Input data
--- START ---

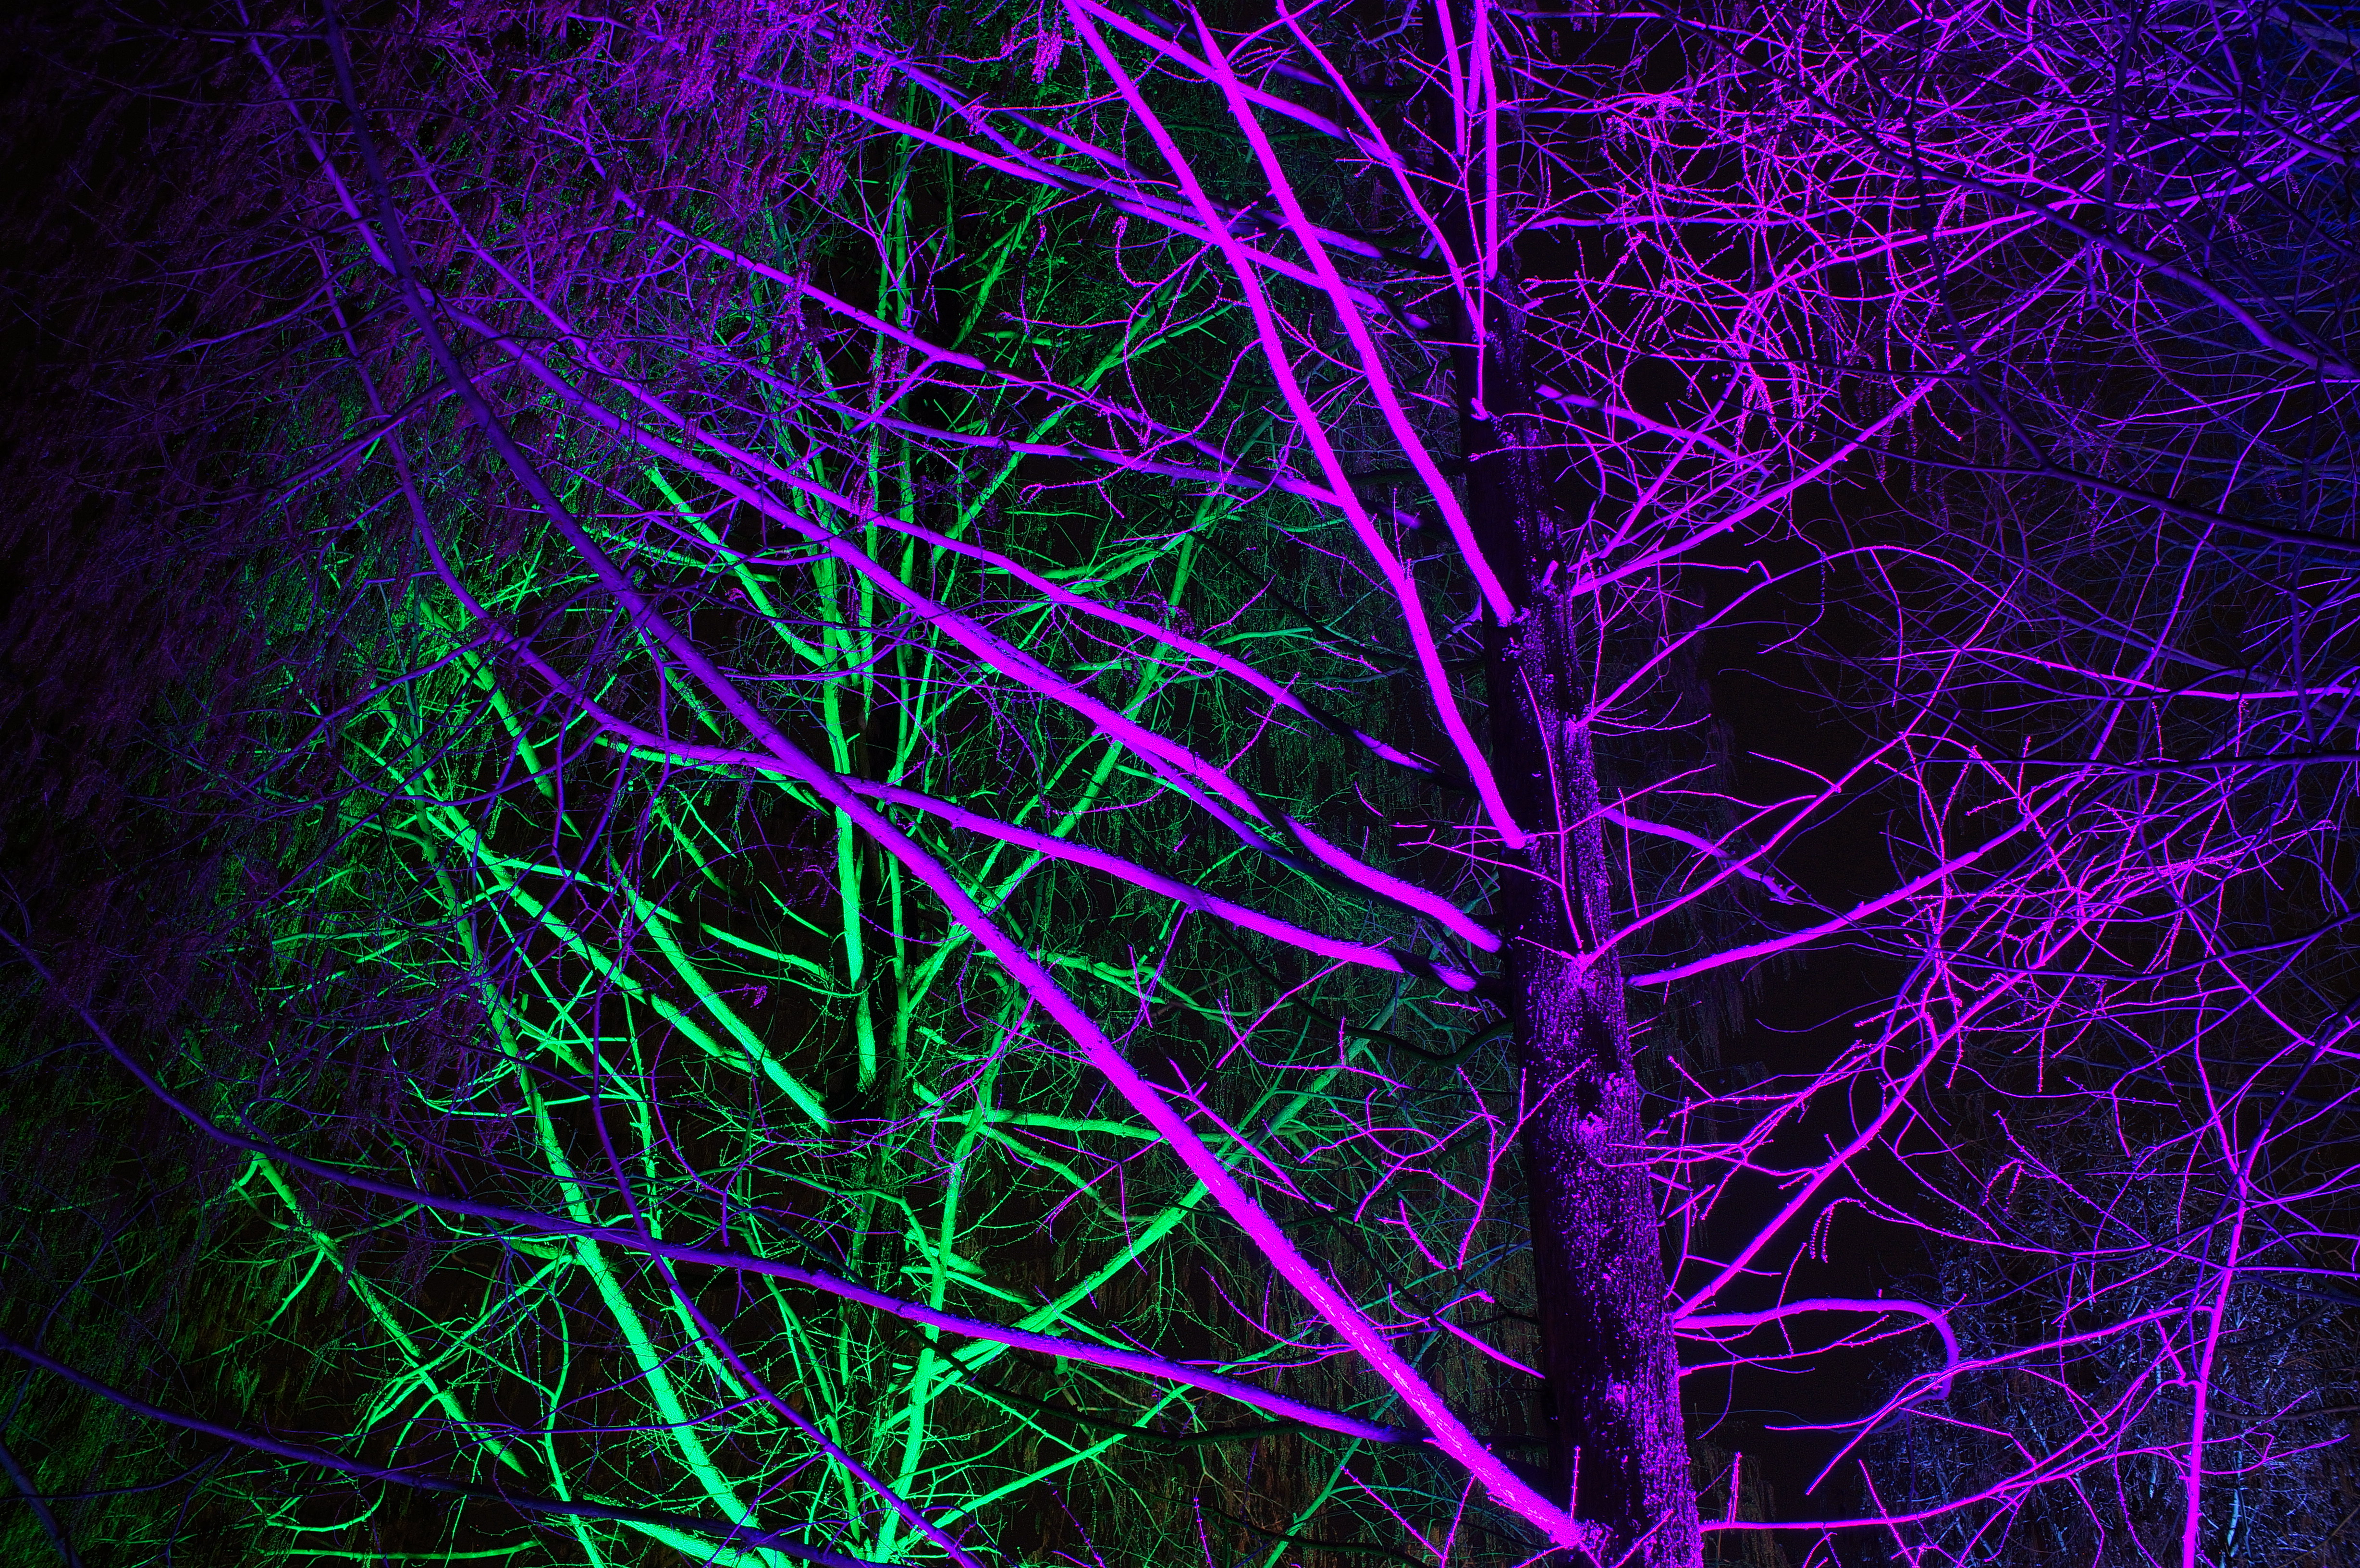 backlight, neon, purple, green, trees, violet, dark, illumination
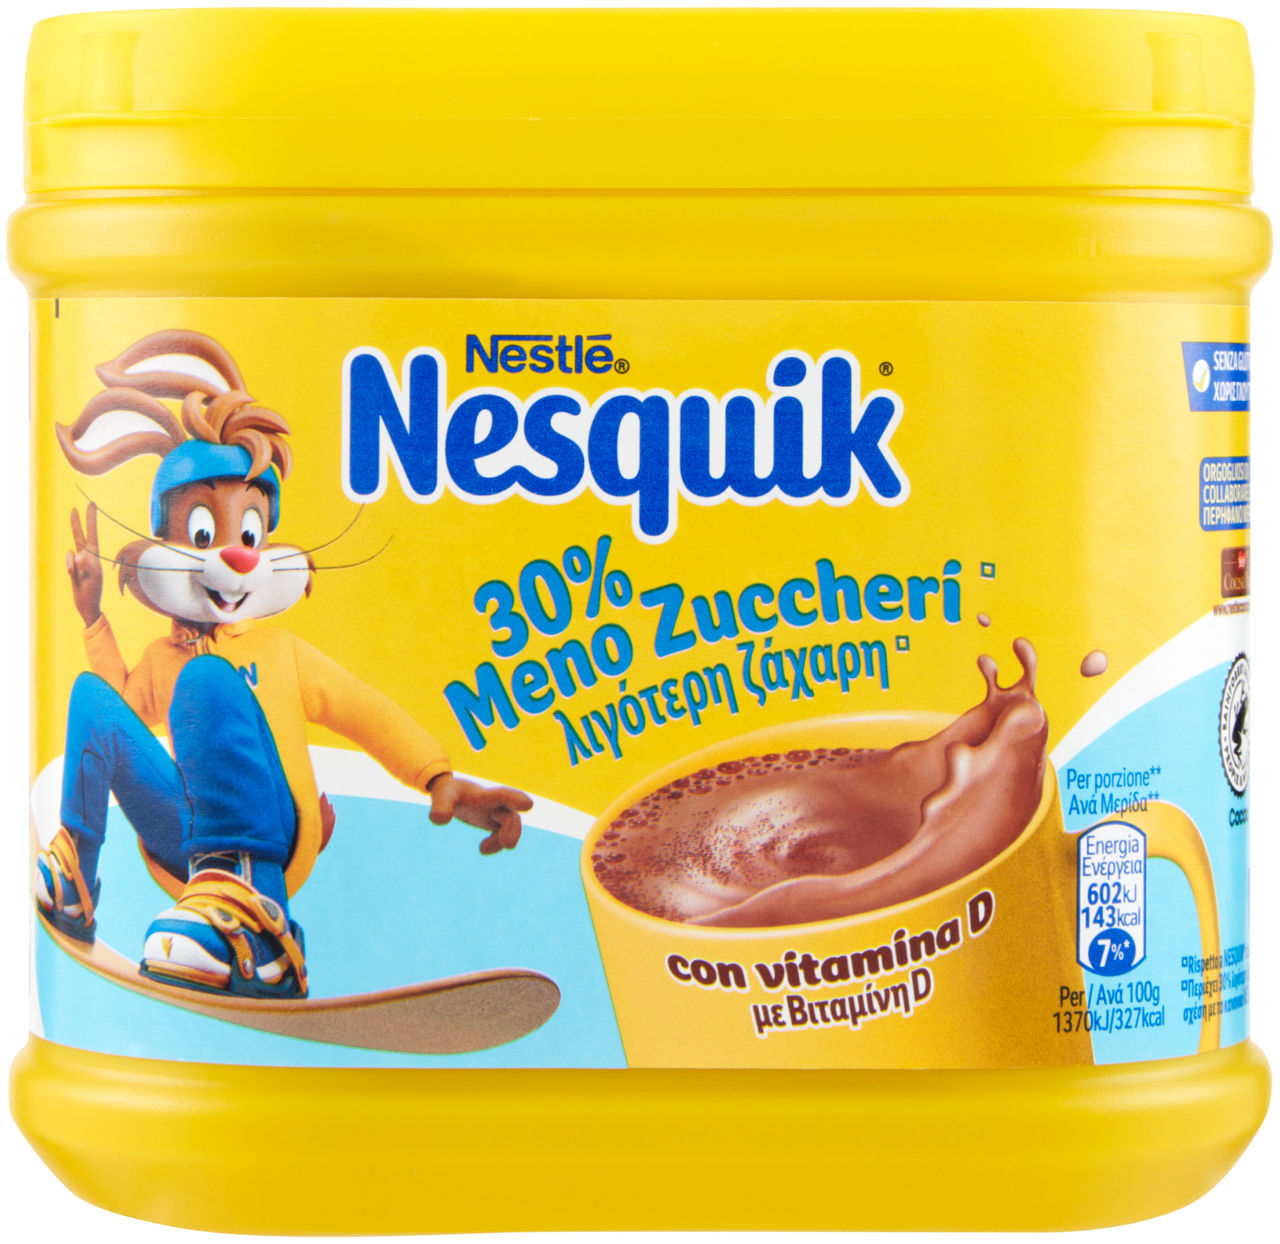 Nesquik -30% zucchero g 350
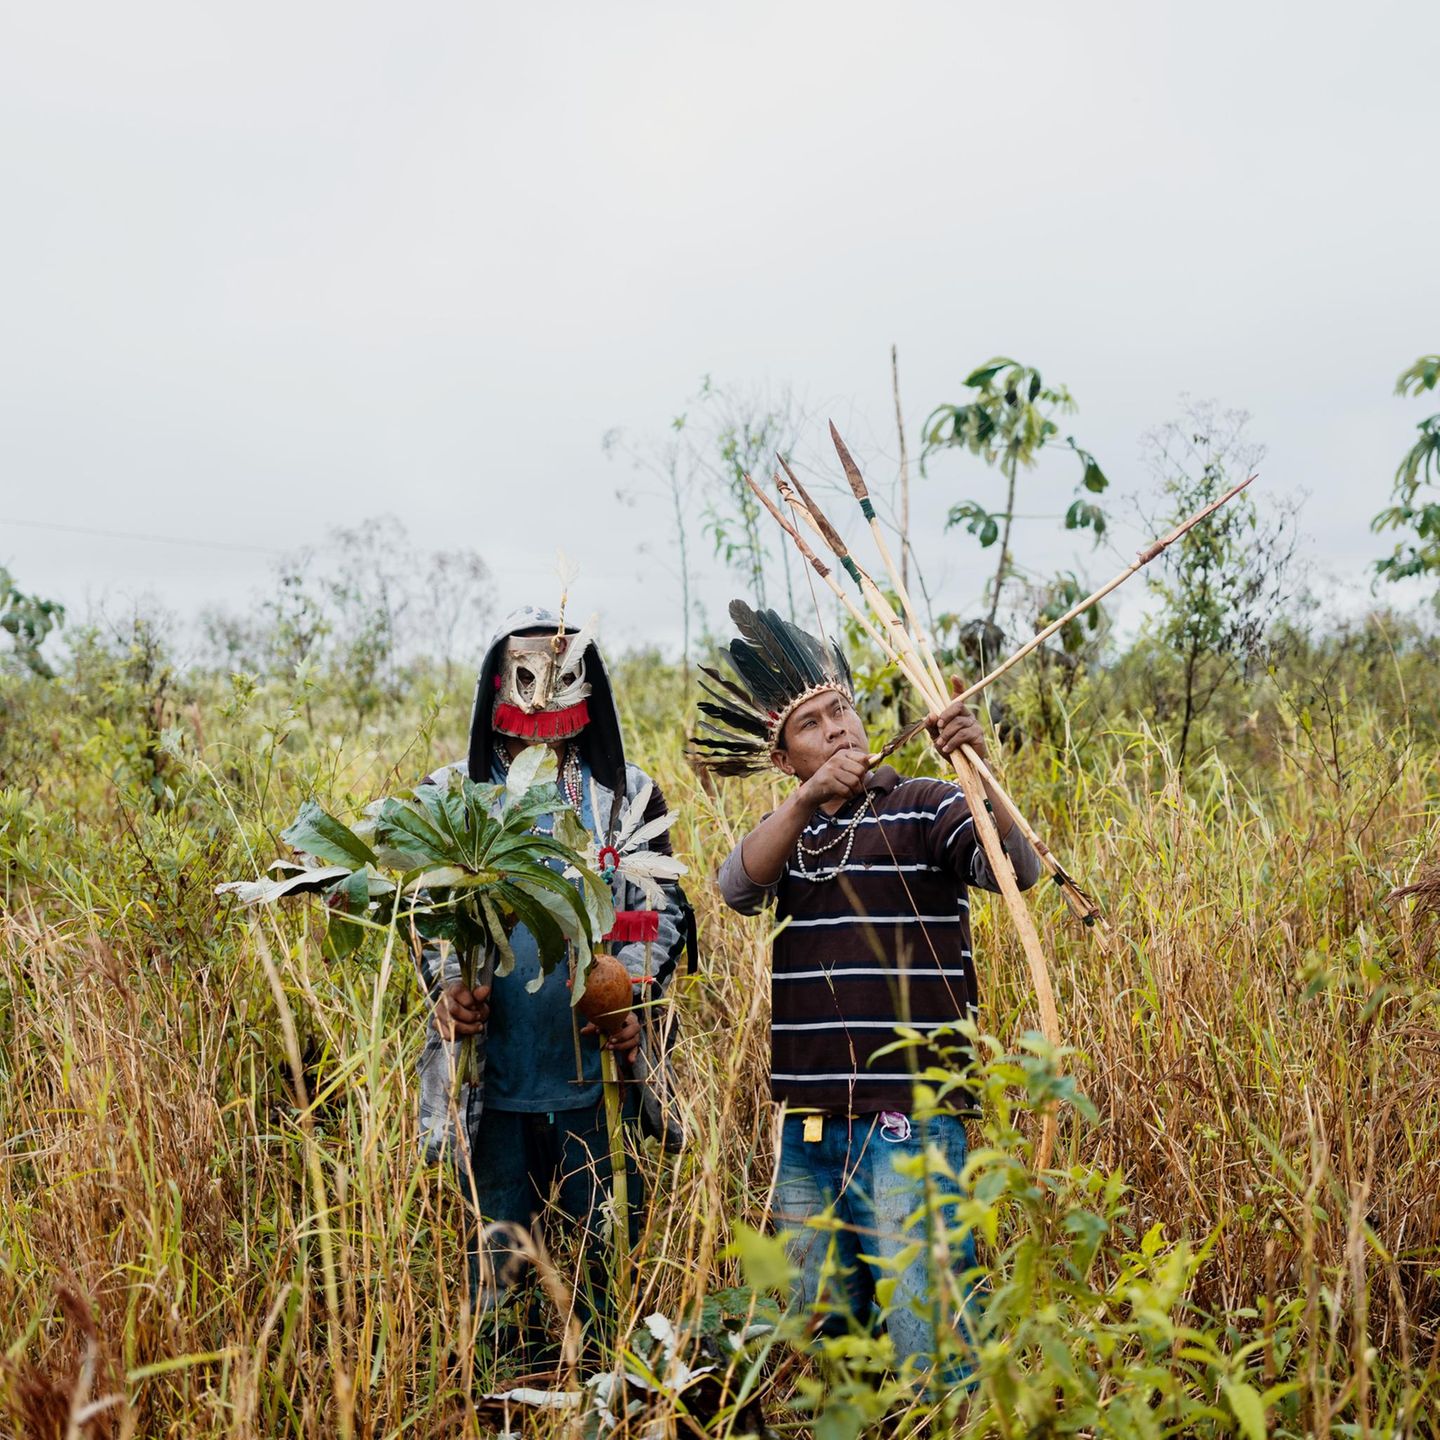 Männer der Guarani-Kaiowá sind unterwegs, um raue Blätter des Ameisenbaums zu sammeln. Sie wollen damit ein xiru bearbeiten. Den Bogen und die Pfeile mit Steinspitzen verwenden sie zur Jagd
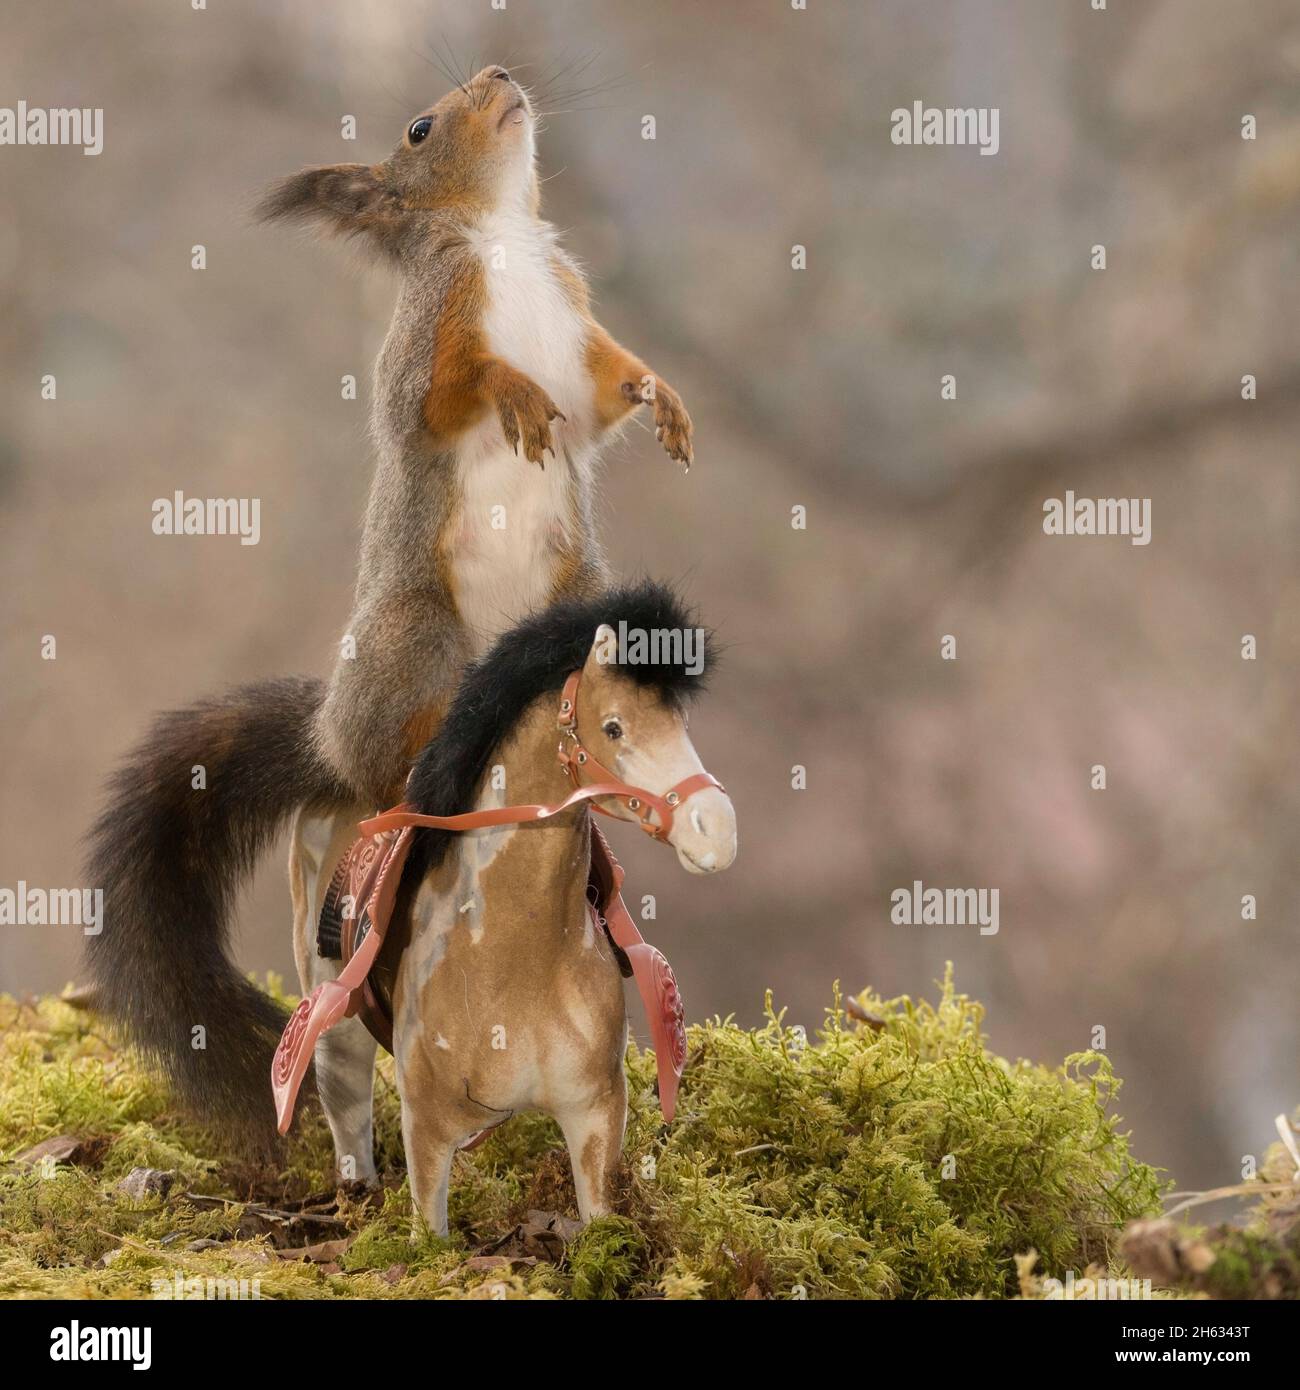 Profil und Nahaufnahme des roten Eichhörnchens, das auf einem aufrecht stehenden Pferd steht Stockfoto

--- END ---

Task instructions
When you output the listing, reproduce it exactly but drop its pictures.

Exercise solution
 backlight, neon, purple, green, trees, violet, dark, illumination
 Nesquik -30% zucchero g 350
 Männer der Guarani-Kaiowá sind unterwegs, um raue Blätter des Ameisenbaums zu sammeln. Sie wollen damit ein xiru bearbeiten. Den Bogen und die Pfeile mit Steinspitzen verwenden sie zur Jagd
 Profil und Nahaufnahme des roten Eichhörnchens, das auf einem aufrecht stehenden Pferd steht Stockfoto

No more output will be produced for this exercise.